【Pytorch】Visualization of Feature Maps（1）—— Maximize Filter

bryant_meng

已于 2024-01-09 17:07:23 修改

阅读量354

点赞数 2

分类专栏： PyTorch/Keras/Caffe/TensroFlow 文章标签： pytorch 人工智能 python

于 2023-11-21 10:35:54 首次发布

本文链接：https://blog.csdn.net/bryant_meng/article/details/134526106

版权

PyTorch/Keras/Caffe/TensroFlow 专栏收录该内容

61 篇文章 9 订阅

订阅专栏

在这里插入图片描述

学习参考来自

CNN可视化Convolutional Features
https://github.com/wmn7/ML_Practice/blob/master/2019_05_27/filter_visualizer.ipynb

可视化介绍

说明在图像分类任务中可视化CNN特征的两种方法。
答：

输入遮挡：遮挡输入图像的一部分，看看哪部分对分类的影响最大。例如，针对某个训练好的图像分类模型，将下列图像作为输入。如果我们看到第三幅图像被分类为狗狗的概率为98%，而第二幅图像的准确率仅为65%，则说明眼睛对于对分类的影响更大。
激活最大化：创建一个人造的输入图像，以最大化目标响应（梯度上升）。

CNN可视化技术总结(一)-特征图可视化：

一、特征图可视化。特征图可视化有两类方法，一类是直接将某一层的feature map映射到0-255的范围，变成图像。另一类是使用一个反卷积网络（反卷积、反池化）将feature map变成图像，从而达到可视化feature map的目的。

二、卷积核可视化。

三、类激活可视化。这个主要用于确定图像哪些区域对识别某个类起主要作用。如常见的热力图（Heat Map），在识别猫时，热力图可直观看出图像中每个区域对识别猫的作用大小。这个目前主要用的方法有CAM系列（CAM、Grad-CAM、Grad-CAM++）。

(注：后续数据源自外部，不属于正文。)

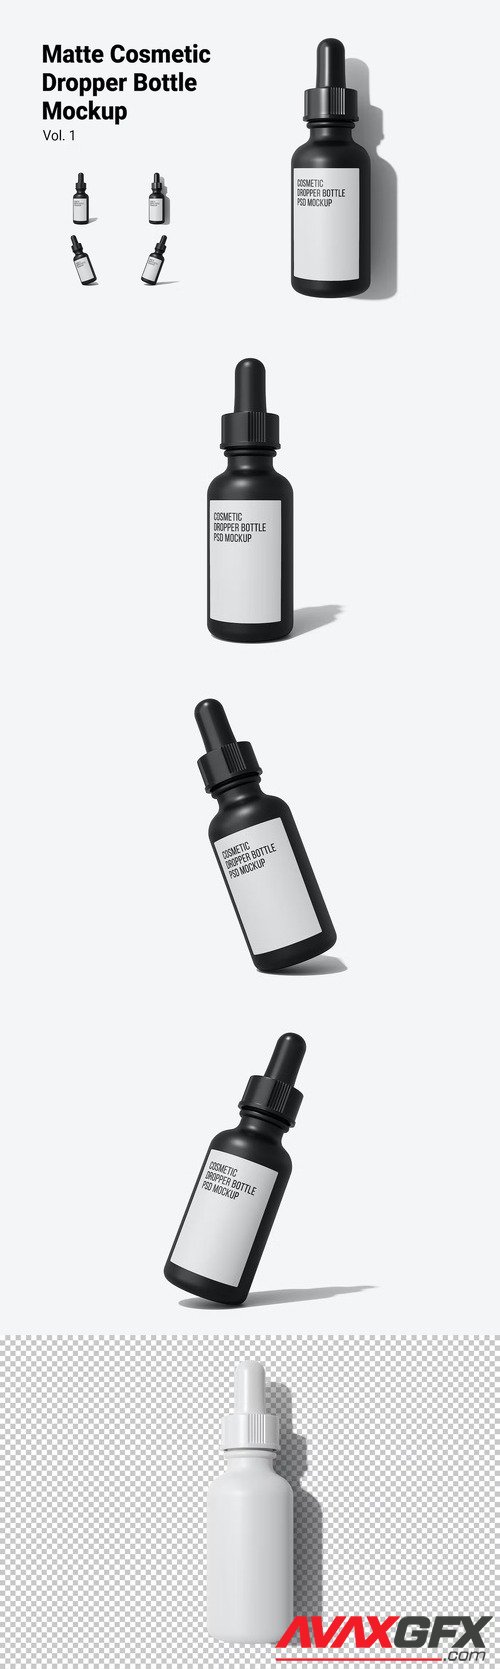 Matte Cosmetic Dropper Bottle Mockup Vol.1 [PSD]

四、一些技术工具。通过一些研究人员开源出来的工具可视化CNN模型某一层。

https://github.com/julrog/nn_vis

https://github.com/Zetane/viewer

在这里插入图片描述

filter 的激活值

原理：找一张图片，使得某个 layer 的 filter 的激活值最大，这张图片就是能被这个 filter 所检测的对象。

来个案例，流程：

初始化一张图片, 56X56
使用预训练好的 VGG16 网络，固定网络参数；
若想可视化第 40 层 layer 的第 k 个 filter 的 conv, 我们设置 loss 函数为 (-1*神经元激活值)；
梯度下降, 对初始图片进行更新；
对得到的图片X1.2, 得到新的图片，重复上面的步骤；

其中第五步比较关键，我们可以看到初始化的图片不是很大，只有56X56. 这是因为原文作者在实际做的时候发现，若初始图片较大，得到的特征的频率会较高，即没有现在这么好的显示效果。

import torch
from torch.autograd import Variable
from PIL import Image, ImageOps
import torchvision.transforms as transforms
import torchvision.models as models

import numpy as np
import cv2
from cv2 import resize
from matplotlib import pyplot as plt

device = torch.device("cuda" if torch.cuda.is_available() else "cpu")

"initialize input image"
sz = 56
img = np.uint(np.random.uniform(150, 180, (3, sz, sz))) / 255  # (3, 56, 56)
img = torch.from_numpy(img[None]).float().to(device)  # (1, 3, 56, 56)

"pretrained model"
model_vgg16 = models.vgg16_bn(pretrained=True).features.to(device).eval()
# downloading /home/xxx/.cache/torch/hub/checkpoints/vgg16_bn-6c64b313.pth, 500M+
# print(model_vgg16)
# print(len(list(model_vgg16.children())))  # 44
# print(list(model_vgg16.children()))

"get the filter's output of one layer"
# 使用hook来得到网络中间层的输出
class SaveFeatures():
    def __init__(self, module):
        self.hook = module.register_forward_hook(self.hook_fn)
    def hook_fn(self, module, input, output):
        self.features = output.clone()
    def close(self):
        self.hook.remove()

layer = 42
activations = SaveFeatures(list(model_vgg16.children())[layer])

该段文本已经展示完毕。